The metrics landscape itself remains unsettled. A 2024 scoping review of privacy and utility metrics in medical synthetic data examined how the field evaluates both dimensions, underscoring that practitioners face a measurement problem as well as a legal one. [5] Metrics can inform a decision, but they do not replace the decision. The approving organization still has to say which tests were run, what threat model they addressed, what residual risk remained, and why that risk was acceptable for the proposed use.

What should be true before treating synthetic health data as low-risk

A credible approval file for synthetic health data should read less like a product description and more like a controlled release decision. The key question is not whether the generator is modern, or whether the output looks realistic, but whether the organization can explain the privacy claim in terms that survive review.

  • The source-data processing has a lawful basis, defined purpose, documented data flows, and access controls before generation begins.
  • The synthetic output has been tested against relevant disclosure pathways, including membership inference, attribute disclosure, and reconstruction-style risks where appropriate.
  • The release model matches the risk: public release, partner sharing, controlled enclave access, and internal-only use require different levels of assurance.
  • Purpose limits are written into the approval, especially where a dataset generated for one research question might later be reused for broader AI development.
  • Bias and representativeness checks are included when the synthetic data may inform decisions with health consequences.
  • A named organization or role owns the residual-risk judgment rather than leaving responsibility split between the vendor, investigator, and data-access committee.

Some technical controls may lower risk further, including privacy-preserving training methods and stronger restrictions on who can query, inspect, export, or combine the data. But those controls need to be tied to the actual project. A generic statement that synthetic data was produced using a privacy-enhancing method is not the same as evidence that this dataset, for this population, under this access model, has sufficiently low residual risk.

The same discipline applies to utility claims. If the dataset is being used only for software testing, lower clinical fidelity may be acceptable. If it is being used to train or evaluate a model that could affect care, fidelity, bias, and subgroup performance become part of the governance question. Privacy protection achieved by erasing clinically important variation may simply move the risk from disclosure to patient impact.

The sign-off standard

Synthetic health data is at its strongest when it is treated as a risk-reduction tool inside a larger governance system.
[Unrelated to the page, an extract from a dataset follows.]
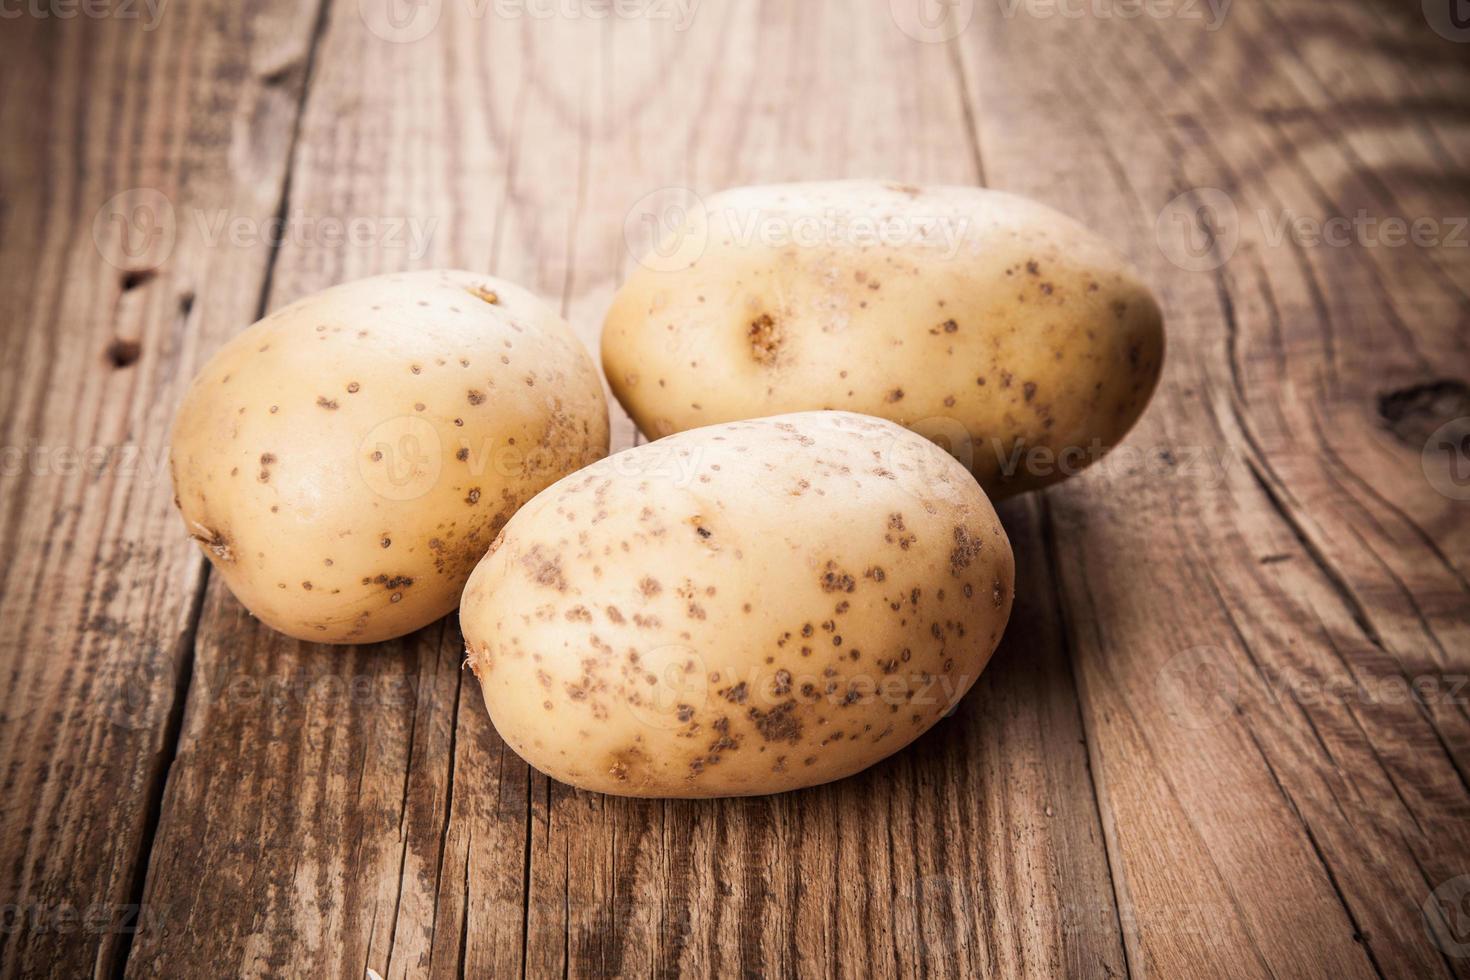 pomme de terre fraîche photo

It can reduce exposure of raw patient records. It can make collaboration possible where direct sharing would be hard to justify. It can help researchers and developers work with data that carries useful clinical structure without giving them full access to the underlying records.

But the word “synthetic” should not be allowed to do the work of a privacy assessment. The current regulatory materials point in the same direction: generation starts from personal data, outputs can retain residual disclosure risk, bias matters when health-impact decisions are involved, and no published guidance supplies a universal safe number. The organization approving use or release still has to document why the remaining risk is low enough.

Synthetic data can support healthcare AI privacy when it is paired with privacy testing, access controls, purpose limits, bias checks where health consequences are possible, and a clear chain of accountability. It cannot outsource the privacy conclusion to its own name.

References

  1. Are synthetic health data personal data? PHG Foundation/MHRA, 2023.
  2. Protecting patient privacy in tabular synthetic health data: a regulatory perspective. Nature, 2025.
  3. Harnessing the power of synthetic data in healthcare: innovation, application, and privacy. Nature, 2023.
  4. The urgent need to accelerate synthetic data privacy frameworks for medical research. The Lancet Digital Health, 2025.
  5. A scoping review of privacy and utility metrics in medical synthetic data. Nature, 2024.